* ABOUT THIS TASK
Where the line containing "Portada de Spider-Man 2099: Dark Genesis #2" appears below, start there and repeat each line exactly to the end. Leave the pictures out.

* RAW DATA
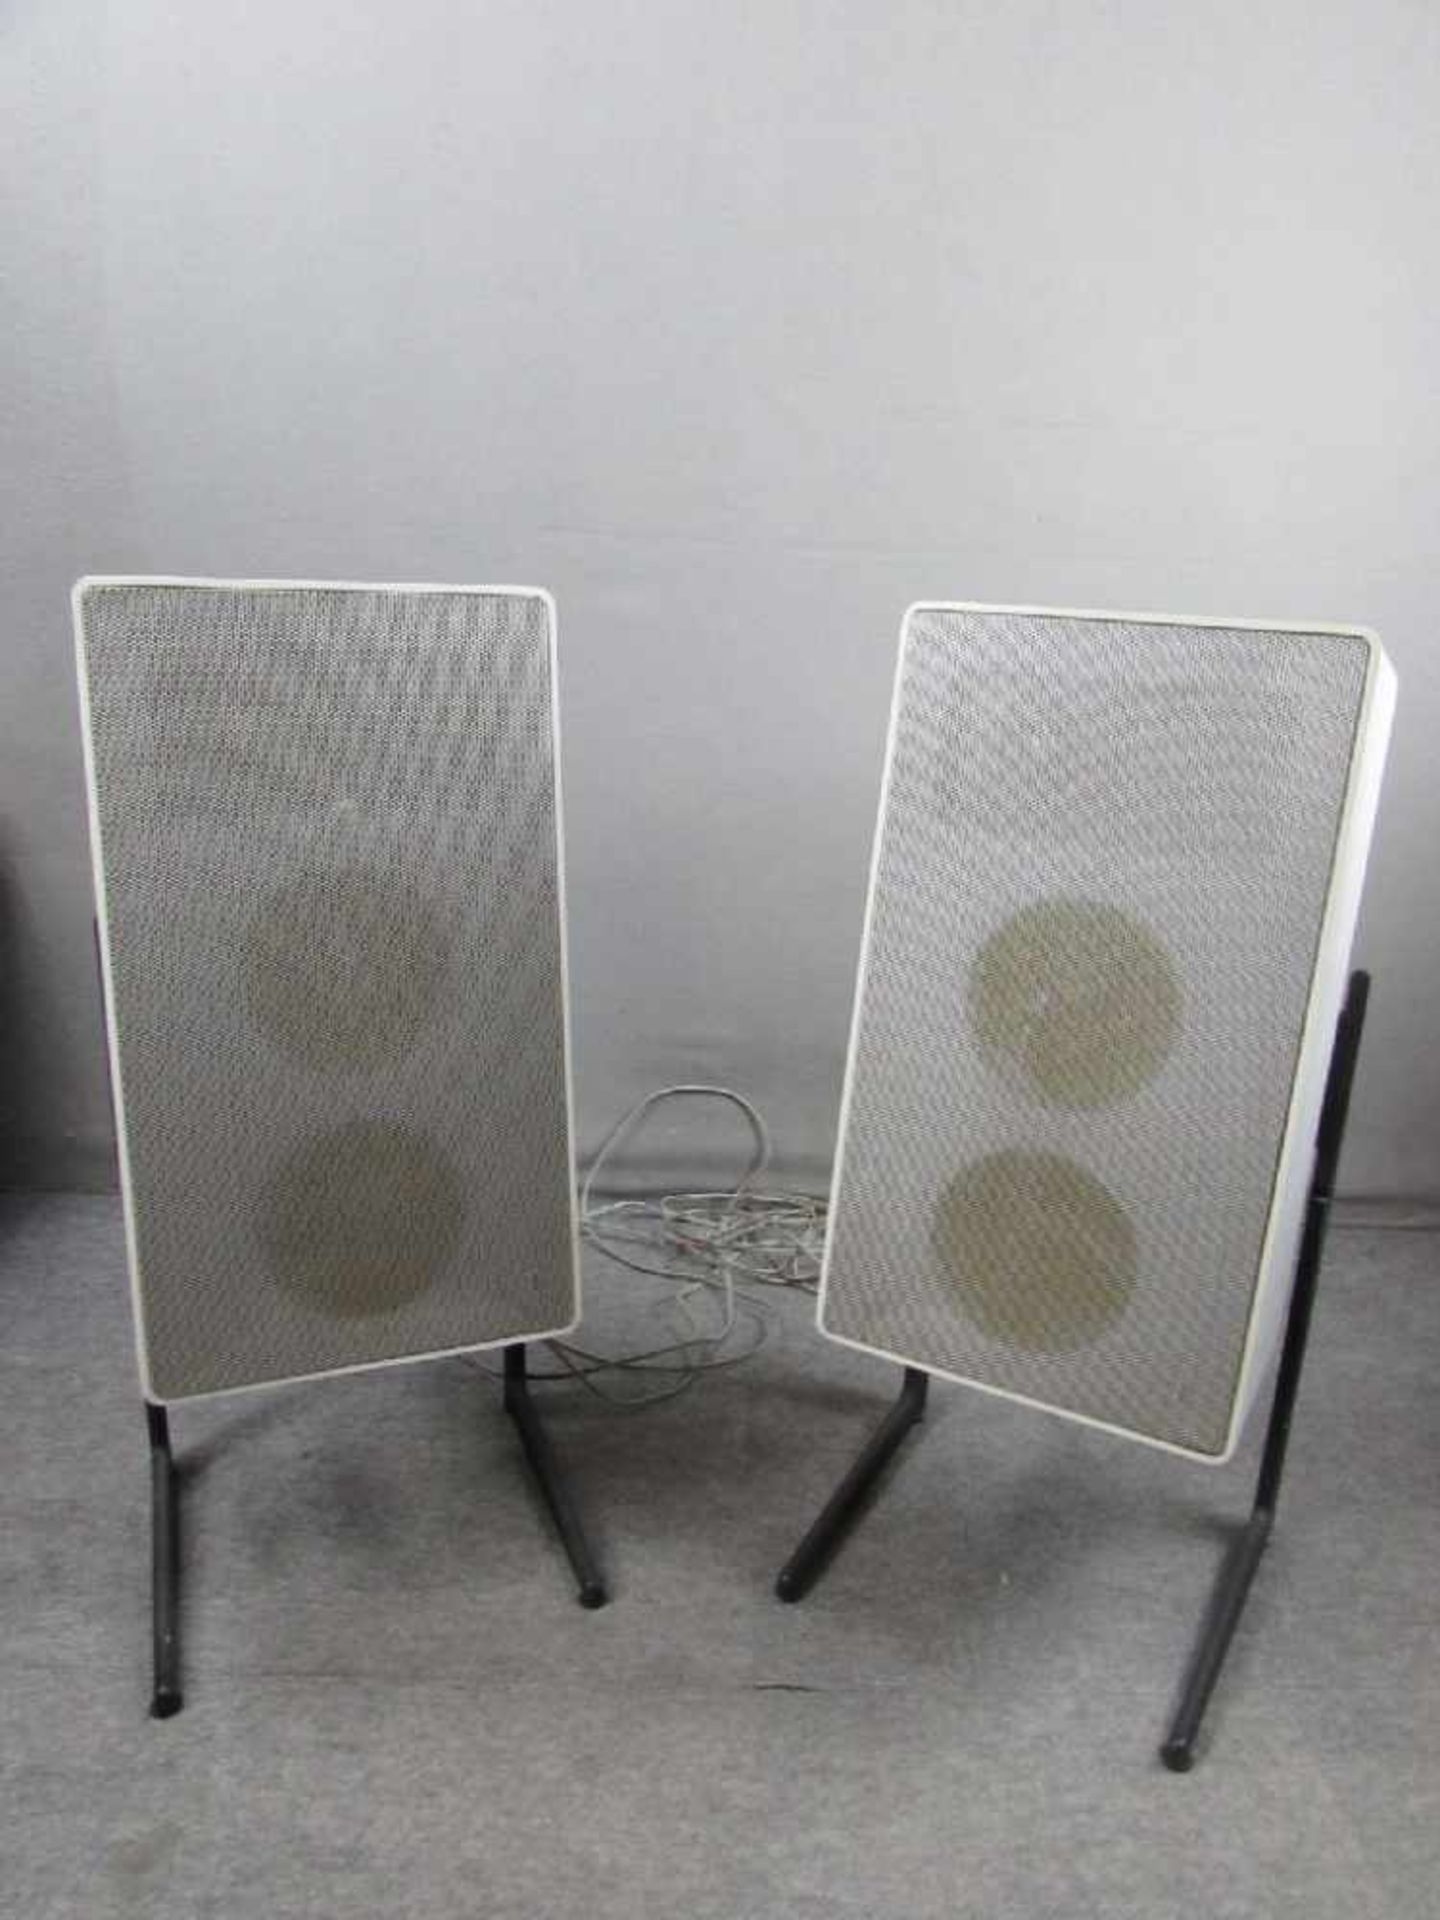 Zwei Lautsprecherboxen Hersteller Braun 70er Jahre auf passendem Gestell funktionstüchtig
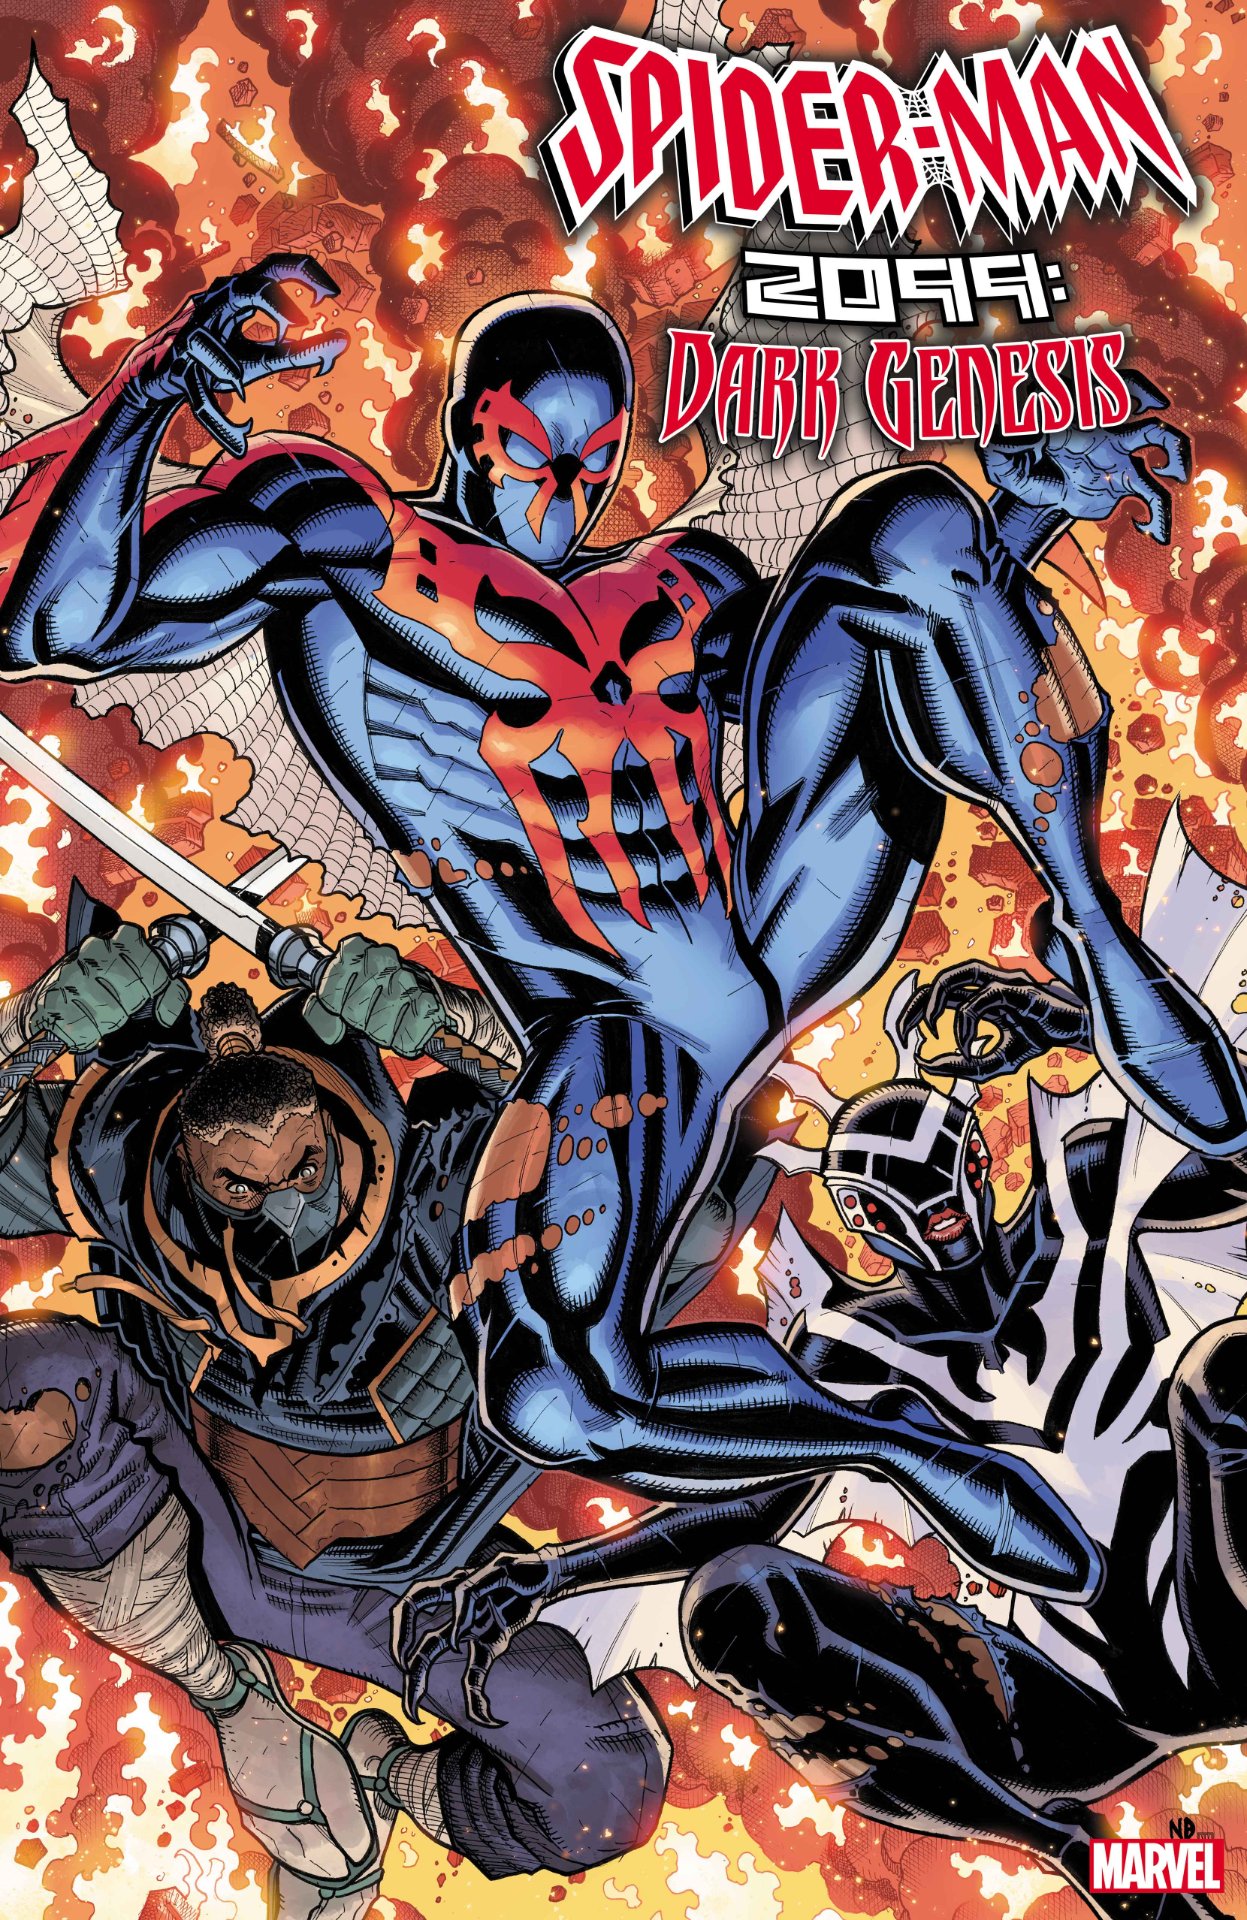 Portada de Spider-Man 2099: Dark Genesis #2
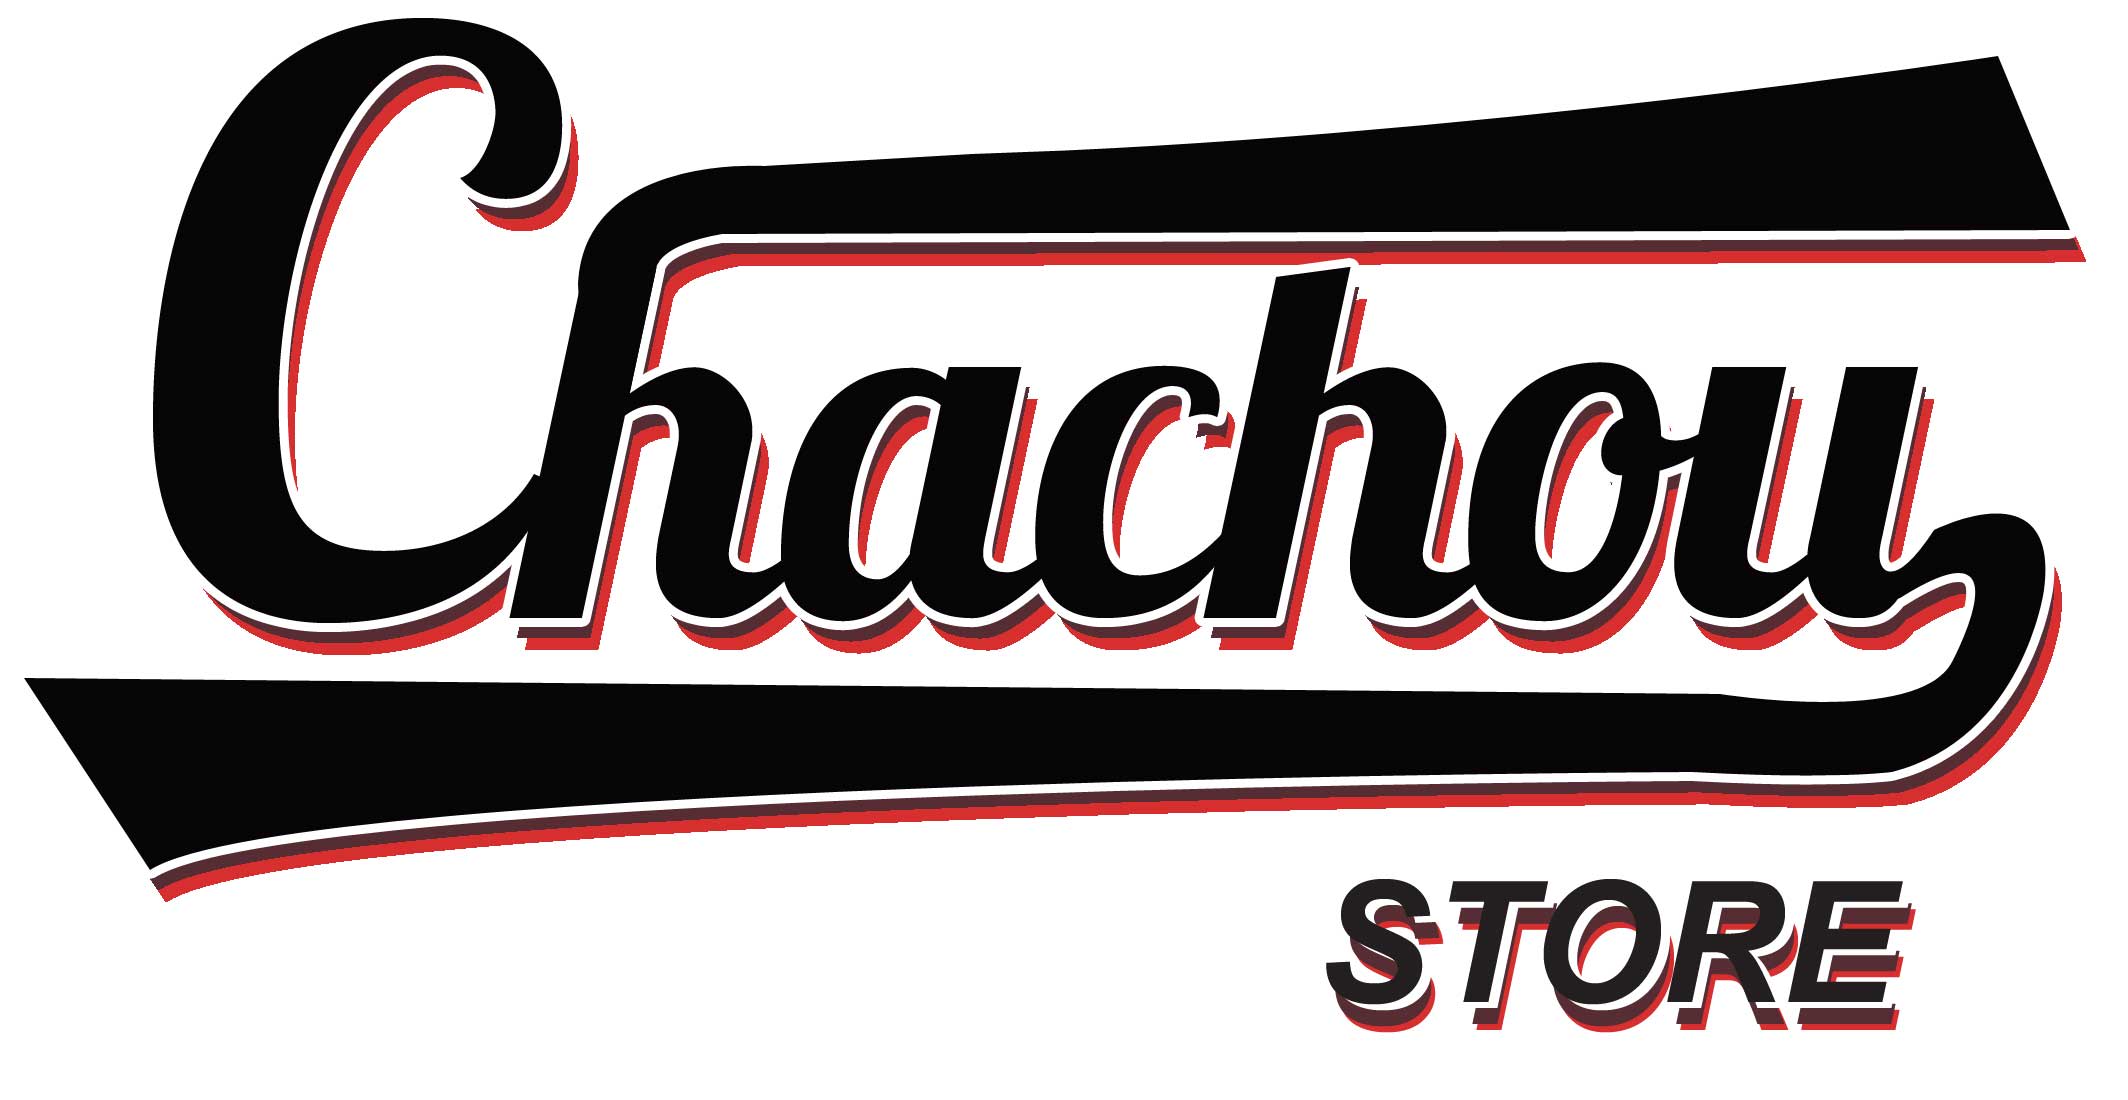 Chauchou Store

* SOLUTION TO THIS PROBLEM
 Portada de Spider-Man 2099: Dark Genesis #2
 Chauchou Store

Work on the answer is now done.